Following are strace:
=====================

[root@dhcp37-76 ~]# strace -f -s 500 -p 18196
Process 18196 attached
write(2, "rsync: get_acl: sys_acl_get_file(.gfid/4b7bba53-bcc8-41c5-93be-ae2090c242ae, ACL_TYPE_ACCESS): No such file or directory (2)", 124
^CProcess 18196 detached
 <detached ...>
[root@dhcp37-76 ~]#

Comment 3 Aravinda VK 2016-11-09 14:16:16 UTC
Seeing lot of rsync errors about creating directories, that means mkdir failed for some reason and all the files from that directory failed to sync. (Checked Georep logs from *.121 node). Not yet traced the reason for mkdir failure.

Comment 4 Aravinda VK 2016-11-09 14:25:08 UTC
Operation not permitted are expected for rsync, rsync expects directory should be present before syncing files. Yet to find the reason for entry failure by entry_ops

[2016-11-09 10:09:24.794229] E [resource(/rhs/brick1/b14):1003:rsync] SSH: SYNC Error(Rsync): rsync: recv_generator: mkdir "/proc/9429/cwd/.gfid/00201812-179b-400e-a6f2-b332bf72c7de" failed: Operation not permitted (1)
[2016-11-09 10:09:24.794754] E [resource(/rhs/brick1/b14):1003:rsync] SSH: SYNC Error(Rsync): *** Skipping any contents from this failed directory ***
[2016-11-09 10:09:24.794974] E [resource(/rhs/brick1/b14):1003:rsync] SSH: SYNC Error(Rsync): rsync: recv_generator: mkdir "/proc/9429/cwd/.gfid/01c699d5-8955-4e7e-85ae-b8c2f6dcb9da" failed: Operation not permitted (1)
[2016-11-09 10:09:24.795208] E [resource(/rhs/brick1/b14):1003:rsync] SSH: SYNC Error(Rsync): *** Skipping any contents from this failed directory ***
[2016-11-09 10:09:24.795418] E [resource(/rhs/brick1/b14):1003:rsync] SSH: SYNC Error(Rsync): rsync: recv_generator: mkdir "/proc/9429/cwd/.gfid/01d22973-d93b-435b-9d25-f7ec2ebc262a" failed: Operation not permitted (1)
[2016-11-09 10:09:24.795630] E [resource(/rhs/brick1/b14):1003:rsync] SSH: SYNC Error(Rsync): *** Skipping any contents from this failed directory ***
[2016-11-09 10:09:24.795819] E [resource(/rhs/brick1/b14):1003:rsync] SSH: SYNC Error(Rsync): rsync: recv_generator: mkdir "/proc/9429/cwd/.gfid/022988cd-b59c-4200-85d1-010343ce23a7" failed: Operation not permitted (1)
[2016-11-09 10:09:24.796001] E [resource(/rhs/brick1/b14):1003:rsync] SSH: SYNC Error(Rsync): *** Skipping any contents from this failed directory ***
[2016-11-09 10:09:24.796231] E [resource(/rhs/brick1/b14):1003:rsync] SSH: SYNC Error(Rsync): rsync: recv_generator: mkdir "/proc/9429/cwd/.gfid/0234671b-0b85-48c4-bdd6-e2108805f631" failed: Operation not permitted (1)

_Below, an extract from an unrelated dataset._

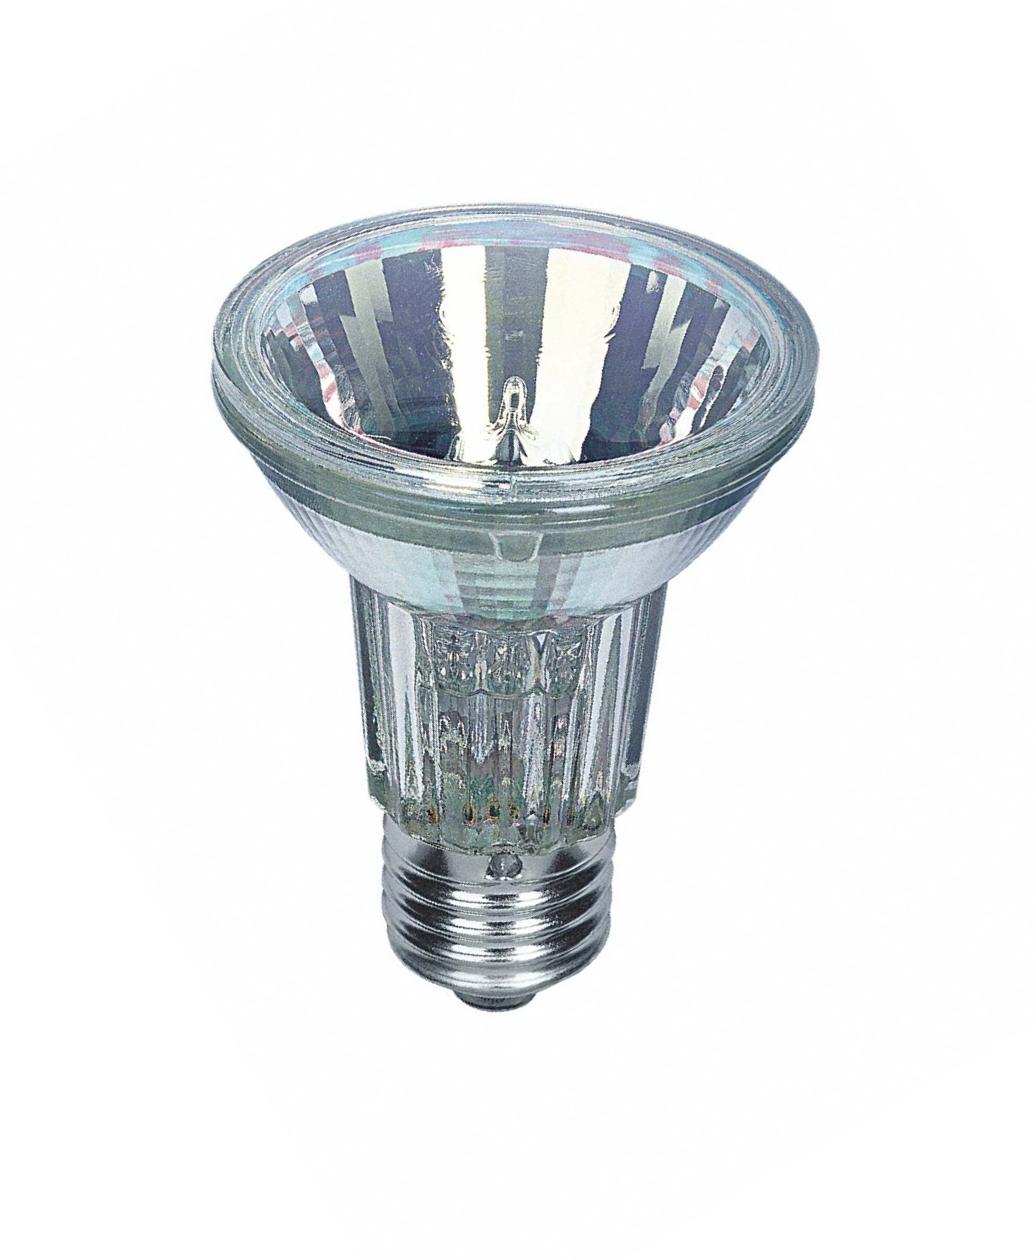 QPAR-CB 20 50W 30° E27, Halogenpressglaslampe

Comment 5 Rahul Hinduja 2016-11-11 07:25:02 UTC
Logs mentioned in comment 4 are for different issue(May be related but perceived difference) where crawl is moved to Changelog after restarting the geo-rep. But it still misses the data. (log: 2016-11-09)

Original issue was Hybrid crawls being stuck (log: 2016-11-07)

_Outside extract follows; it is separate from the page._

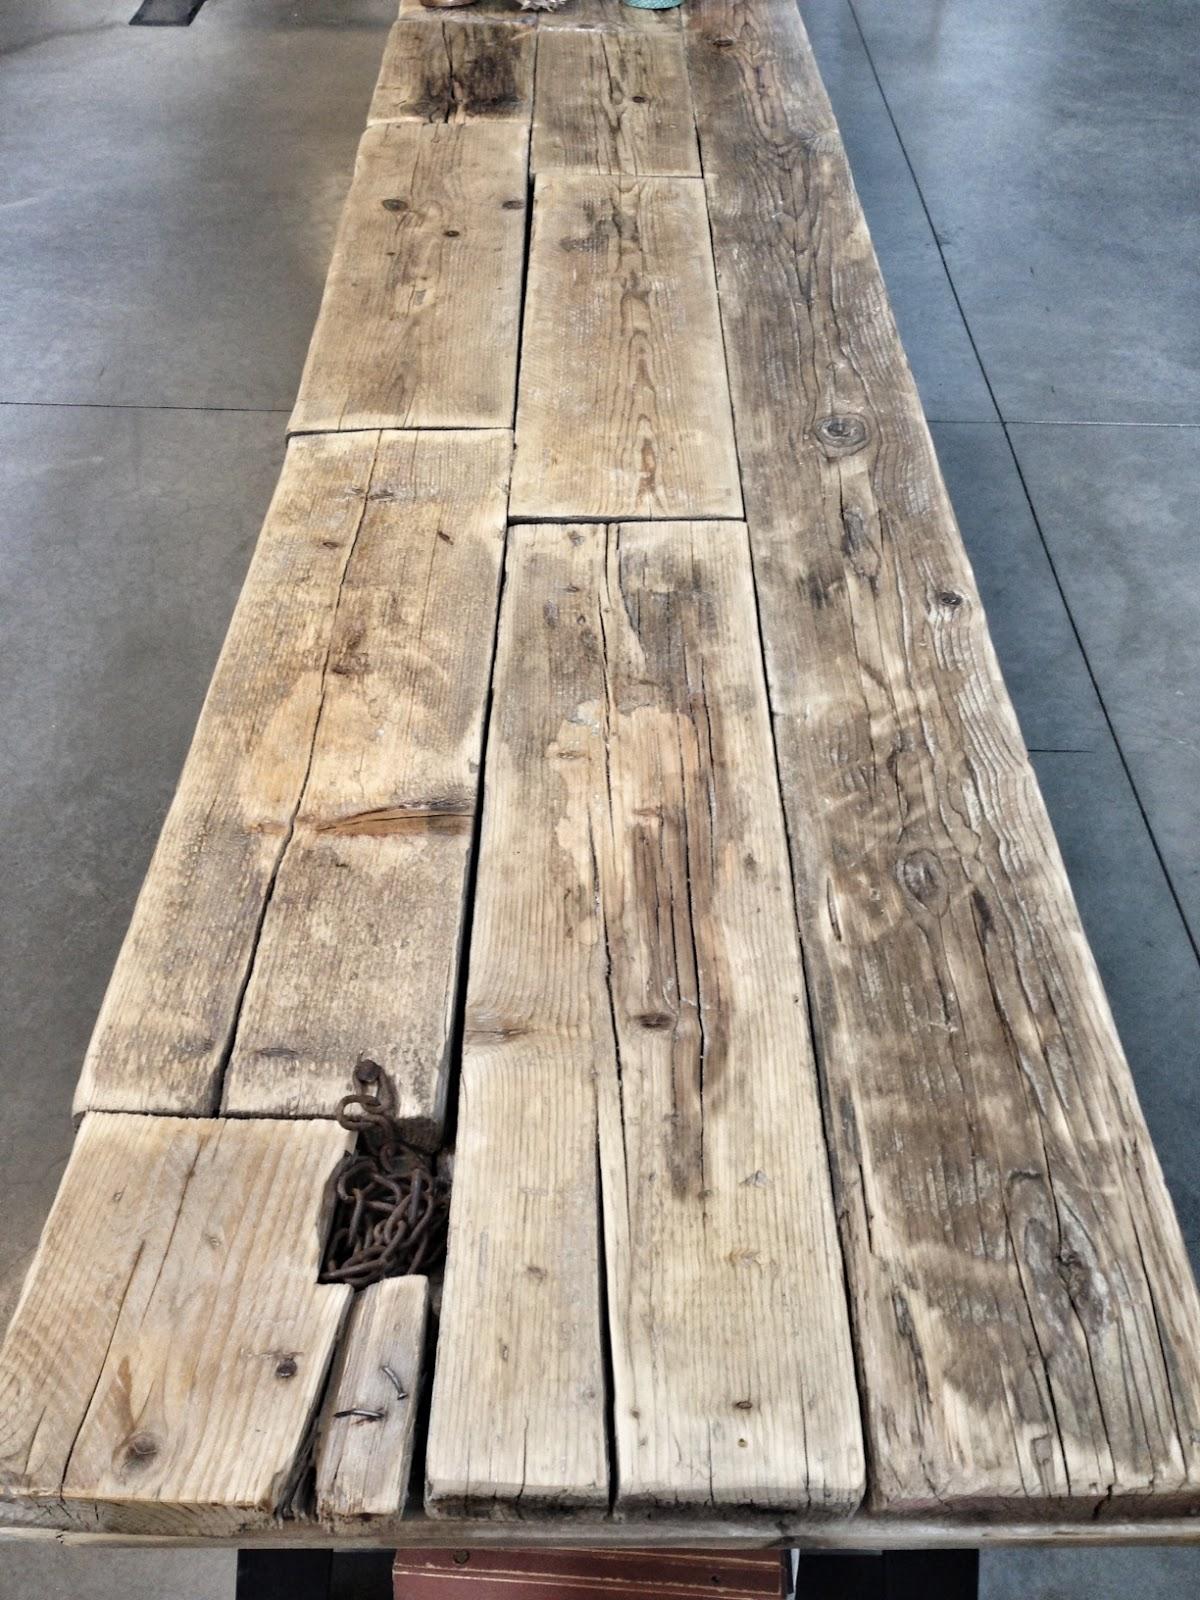 Hunters wood tavolo tetris - Tavole da muratore usate ...

Comment 17 Amar Tumballi 2018-10-11 10:10:19 UTC
Not worked on this in last 2 years! and not planning to pick up in any immediate releases! 

RCA available, and agreed long back that it is not an issue, and documented the Known Issue!

Please reopen the bug if found important for any release!